Nickel’s
Another restaurant dinner, much to my chagrin. Shannon bought me tickets to The Dears, one of my favorite bands and undoubtably the best live performers I know, for my birthday last week. The concert was tonight, so after work we both got cleaned up and tried to find a restaurant we could afford that offered a menu item I haven't already eaten. It amazes me how unbelievably difficult this is! Surprisingly, we settled on a 50's themed diner called Nickels, after seeing several locations on a single street we assumed they must have at least somewhat decent food in order to stay in business and went in to take disgustingly cute pictures of ourselves drinking a malt with two straws.

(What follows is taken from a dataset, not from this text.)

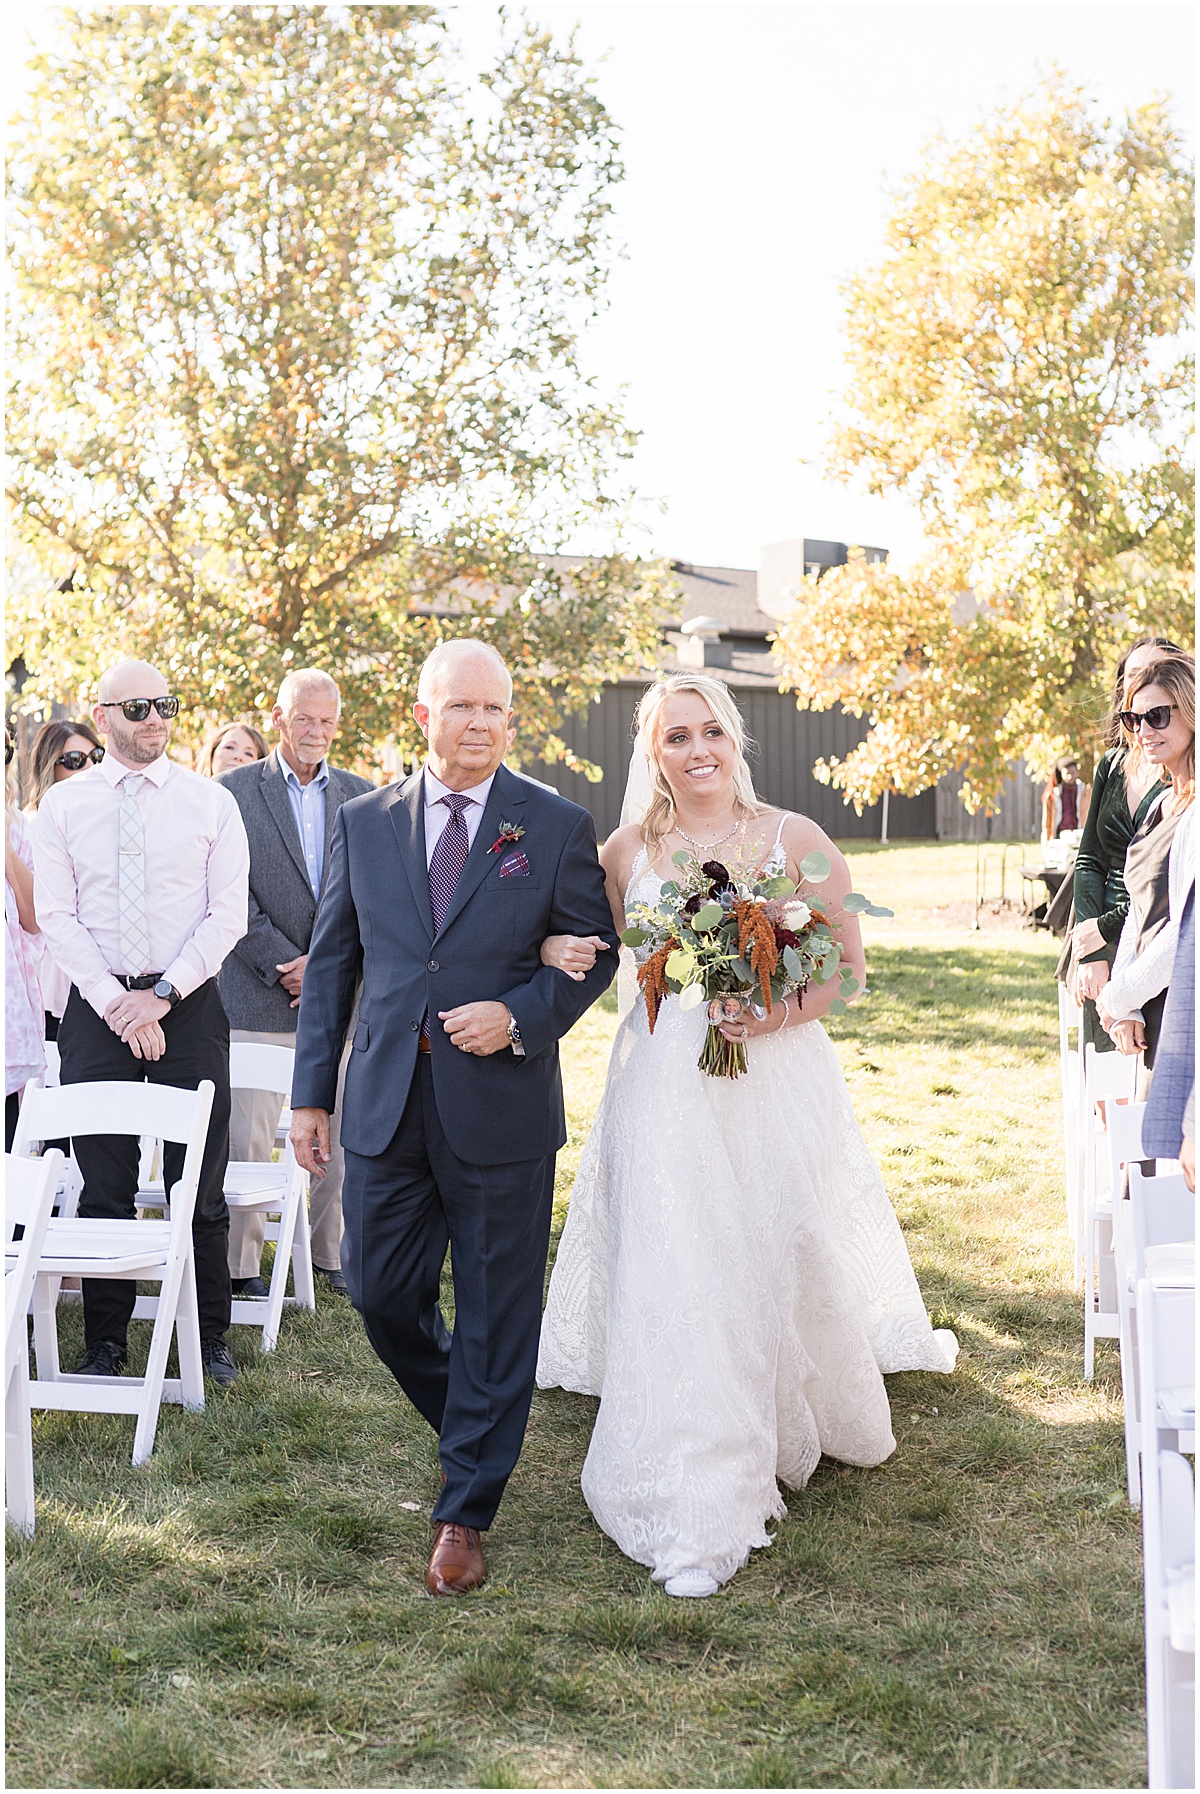 Bride walking down the aisle at Finley Creek Vineyards wedding in Zionsville, Indiana

I've grown a little wary of any restaurant that says something along the lines of "Tourists welcome!" on their door, because it gives the aire of, "We don't care if you come back!" to anyone actually from here. This couldn't have been more correct with this place. It took a fairly minimal amount of time to be seated, but actually getting our order taken too far longer. I ended up ordering the clubhouse sandwich; actually, a smoked meat clubhouse sandwich, and Shannon had a burger. The malt we desired was not on the menu, so we had a chocolate milkshake instead, which was basically that quik bunny syrup mixed into what I'll assume was someone else's vanilla shake.
I assume this because that's what the assembly of the rest of our food tasted like. When the food arrived, surprisingly quickly considering our service and the amount of people in the restaurant, the fries were colder than my skin, soggy and dripping with grease. It was as though they had pre-fried them once and were waiting to fry them again to serve, but hadn't actually done so. The toast in my clubhouse was more like slightly toasted bread that had been taken from other sandwiches kicking around the dish pit; incredibly soggy and unmanagable. The smoked meat was not Montreal smoked meat (why would you sell anything else in Montreal?) but this sort of slimy corned beef concoction that might have resembled pastrami if it had any flavor other than salt.
Shannon ordered a pickle as a side to her burger. For the unbelievable price of two dollars plus tax she received a pickle sliced into four that was perhaps inferior to any pickle ever created. It was comparable to a week old cucumber soaked in a solution I use to clean my windows; just vinegar and water. The coleslaw was the only thing plated that was not horrible, but it was far from memorable. I went to the washroom and a little kid had been waiting to jump out and scare the next person to enter. It's a good thing I didn't have to go too badly or I would have just then. He ran off laughing as I went about my business.